Okay, I think I may have a fast and much more accurate approach than most of
the others mentioned. First of all, it will be a numerical approximation
approach, so no derivatives.
Instead of finding parameterizations of the two circles, and going through
all 360 degrees of both circles and comparing the distances (which leads to
360*360 comparisons), we will simply pick an "arbitrary" point P1 on circle
C, and find the closest point on circle D to that point; call it Q1. Then
we find the closest point on circle C to Q1, and call that P2. Repeat
until desired accuracy is found.
So how do we pick our arbitrary point P1. I say just pick the center, C.

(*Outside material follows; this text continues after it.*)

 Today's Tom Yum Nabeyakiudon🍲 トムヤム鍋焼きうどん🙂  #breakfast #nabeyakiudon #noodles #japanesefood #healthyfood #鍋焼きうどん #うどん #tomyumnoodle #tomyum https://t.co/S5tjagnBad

There's a complicated reason why point C is a really good point to start
with. And yes, I realize that technically it's not on the circle. Don't
worry, it still works. The only drawback is it throws off your first
distance measurement, if you care to take it.
Anyway, once we have a point on one circle, to find the closest point on the
other circle to that point, we simply do the following.
Given point P1 (C in this case), find the vector U1 = P1-D. Assuming N is a
unit normal, make U1 perpendicular to N as follows:
U1 = U1 - N*(U1.N)
But we need U1 to have a length of R2 (we're on circle D), so Q1 = U1 * R2 /
sqrt(U1.U1). I know, a pesky square root. in POV-Ray, vlength(U1) =
sqrt(U1.U1). Oh, and of course, we have to make sure that Q1 is centered
at D, so Q1 = Q1 + D.
Now rinse and repeat :)
//arbitrary circles for testing.
#declare C = <-1, 6, 3>;
#declare Rot1 = <25, 15, 50>;
#declare R1 = 1.2;
#declare M = vrotate(y, Rot1);
#declare D = <6, 3, 4>;
#declare Rot2 = <-55, 0, 30>;
#declare R2 = 1.5;
#declare N = vrotate(y, Rot2);
//Here's the formula itself
#declare Iters=5;
#declare P1 = C;
#while (Iters>0)
#declare U1 = P1-D;
#declare U1 = U1 - N*vdot(U1, N);
#declare Q1 = D + U1 * R2 / vlength(U1);
#debug concat("Distance is: ", str(vlength(Q1-P1), 5, 9),"\n")
#declare V1 = Q1-C;
#declare V1 = V1 - M*vdot(V1, M);
#declare P1 = C + V1 * R1 / vlength(V1);
#debug concat("Distance is: ", str(vlength(P1-Q1), 5, 9),"\n")
#declare Iters = Iters-1;
#end
Notice with the debug messages that three or four iterations should be
plenty, but five or six should give you very, very good accuracy. In the
sample above, on my machine the accuracy maxes out at 10 significant digits
after the first part of the fifth iteration.
Like any of the formulas, there are probably scenarios that break this
formula, causing divide by zero errors or whatever. But in general, it is
very, very fast.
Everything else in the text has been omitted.